Значения это уже никакого не имело, но надо бы все понимать до конца.
– А это уже отец… – кивнул согласно Упырь, – он ее в какой-то куче мусора на Вернисаже нашел. Иголка-то у нее новая, проб нет, камушков тоже, он и купил ее в куче хлама. Он же любил всякое старье, это у меня от него, собирать-то… А бабушка подтвердила, что это – та самая брошка… Так что я тебе малость соврал – два поколения она у нас только… Хотя и три тоже…
76
С дороги Слава позвонил Матвеичу:
– У тебя ювелир есть?
– Есть…
– Хороший?
– А что надо?
– Гут свой хочу использовать…
– Ну, привози… – вздохнул Матвеич.
Они ехали мимо Белорусского вокзала. Пробка стояла чудовищная, но огородами было бы еще дольше.
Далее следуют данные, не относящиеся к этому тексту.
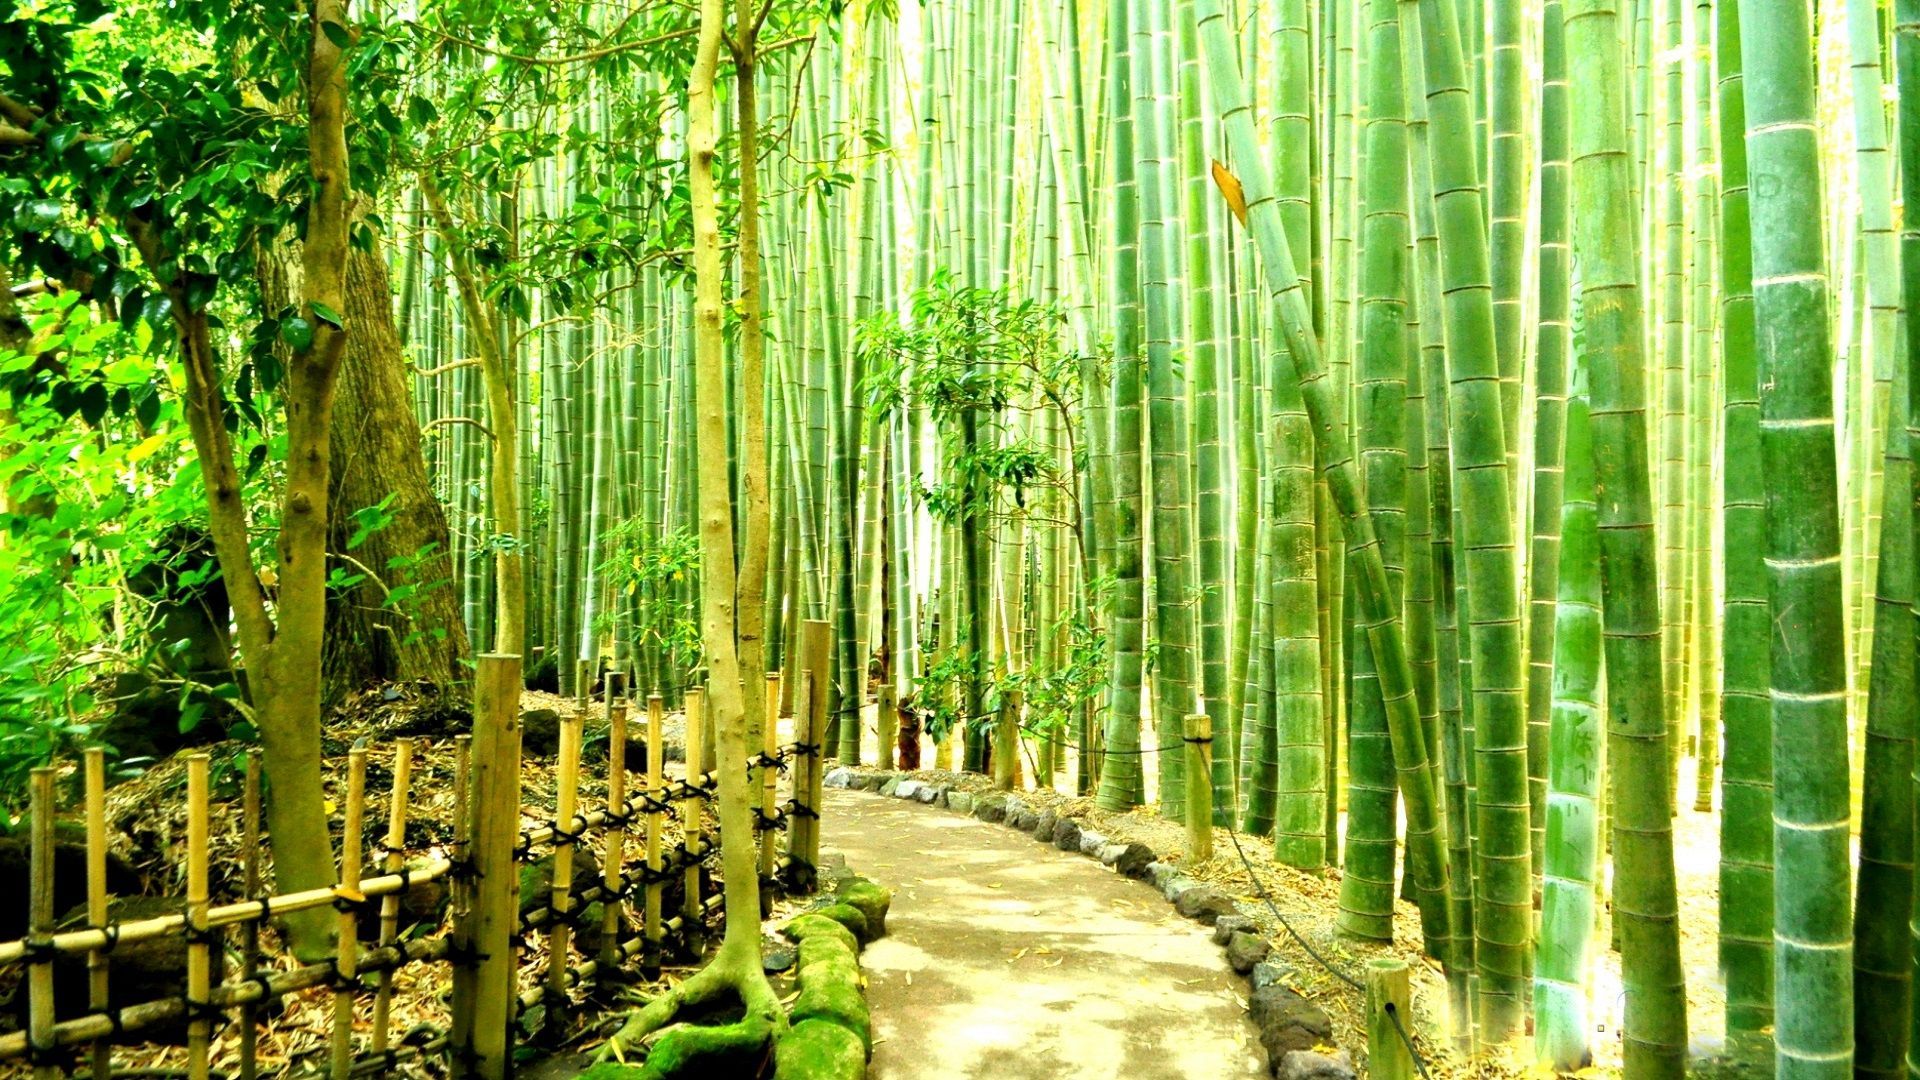 Bamboo Forest Wallpaper 42 HD Image Good Vibes Radio

Слава сидел, об обеде уже не думалось, перебирал в памяти только что состоявшийся разговор, отмечал, что нужно уточнить или переспросить.
У кого и в каких книгах поинтересоваться.
Как ни странно, узнав теперь, как жила и погибла Надежда, он немного успокоился…
Боль, конечно, была, но это стала другая боль…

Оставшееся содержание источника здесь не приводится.